Biochemical Journal ◽

10.1042/bj20031706 ◽

2004 ◽

Vol 378 (2) ◽

pp. 317-324 ◽

Cited By ~ 12

Author(s):

Mahua GHOSH ◽

Laura M. ELSBY ◽

Tapas K. MAL ◽

Jane M. GOODING ◽

Stefan G. E. ROBERTS ◽

...

Keyword(s):

Transcription Factor ◽

Rna Polymerase ◽

Rna Polymerase Ii ◽

Structural Changes ◽

Core Promoter ◽

Critical Role ◽

General Transcription Factor ◽

Structural Rigidity ◽

Zinc Ribbon

The general transcription factor, TFIIB, plays an important role in the assembly of the pre-initiation complex. The N-terminal domain (NTD) of TFIIB contains a zinc-ribbon motif, which is responsible for the recruitment of RNA polymerase II and TFIIF to the core promoter region. Although zinc-ribbon motif structures of eukaryotic and archaeal TFIIBs have been reported previously, the structural role of Zn2+ binding to TFIIB remains to be determined.
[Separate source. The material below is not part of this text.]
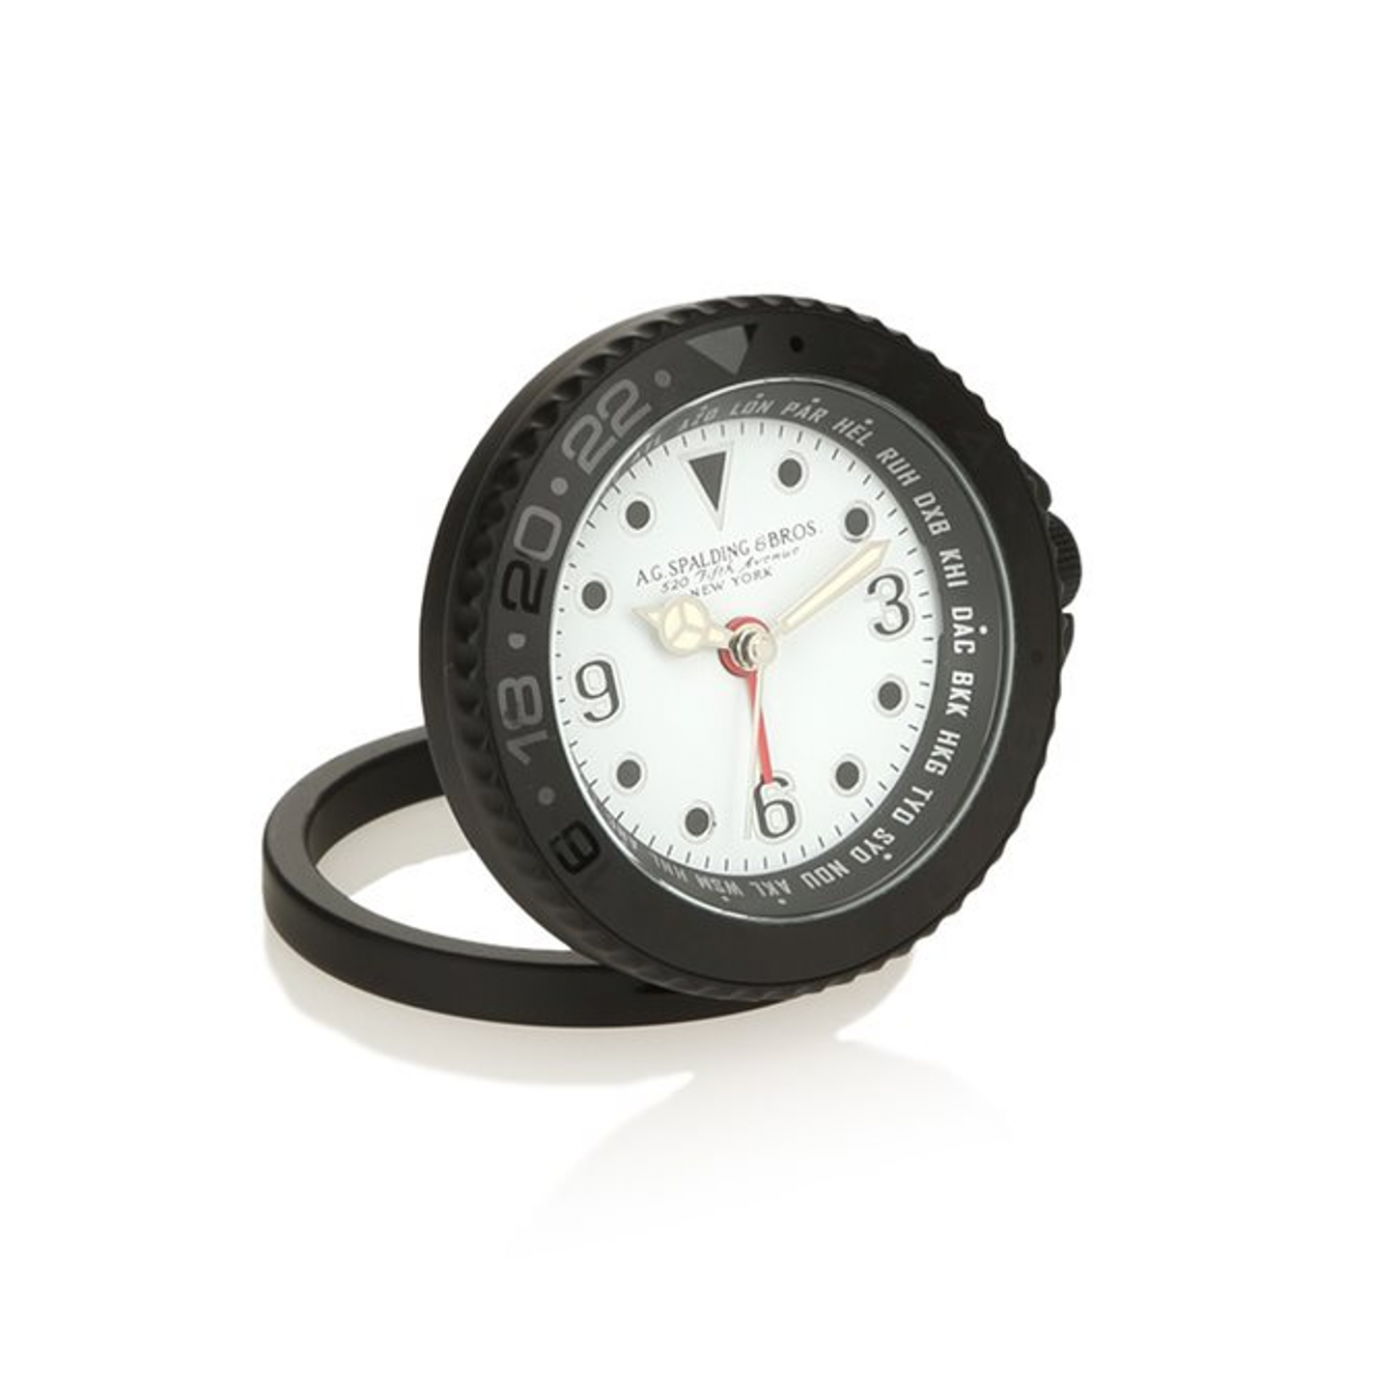 AG SPALDING & BROS GMT orologio sveglia da viaggio, bianco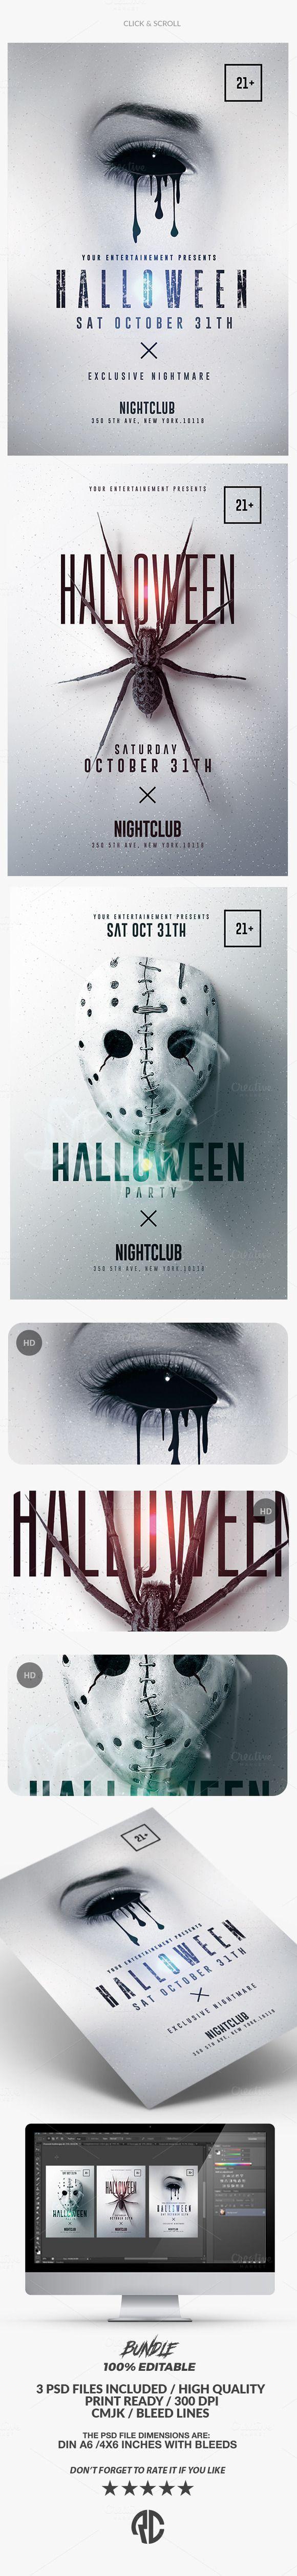 Best 25+ Halloween havoc ideas on Pinterest | DIY Halloween fog ...

In the present paper, we report NMR and biochemical studies of human TFIIB NTD, which characterize the structure and dynamics of the TFIIB Zn2+-binding domain in both Zn2+-bound and -free states. The NMR data show that, whereas the backbone fold of NTD is pre-formed in the apo state, Zn2+ binding reduces backbone mobility in the β-turn (Arg28–Gly30), induces enhanced structural rigidity of the charged-cluster domain in the central linker region of TFIIB and appends a positive surface charge within the Zn2+-binding site. V8 protease-sensitivity assays of full-length TFIIB support the Zn2+-dependent structural changes. These structural effects of Zn2+ binding on TFIIB may have a critical role in interactions with its binding partners, such as the Rpb1 subunit of RNA polymerase II.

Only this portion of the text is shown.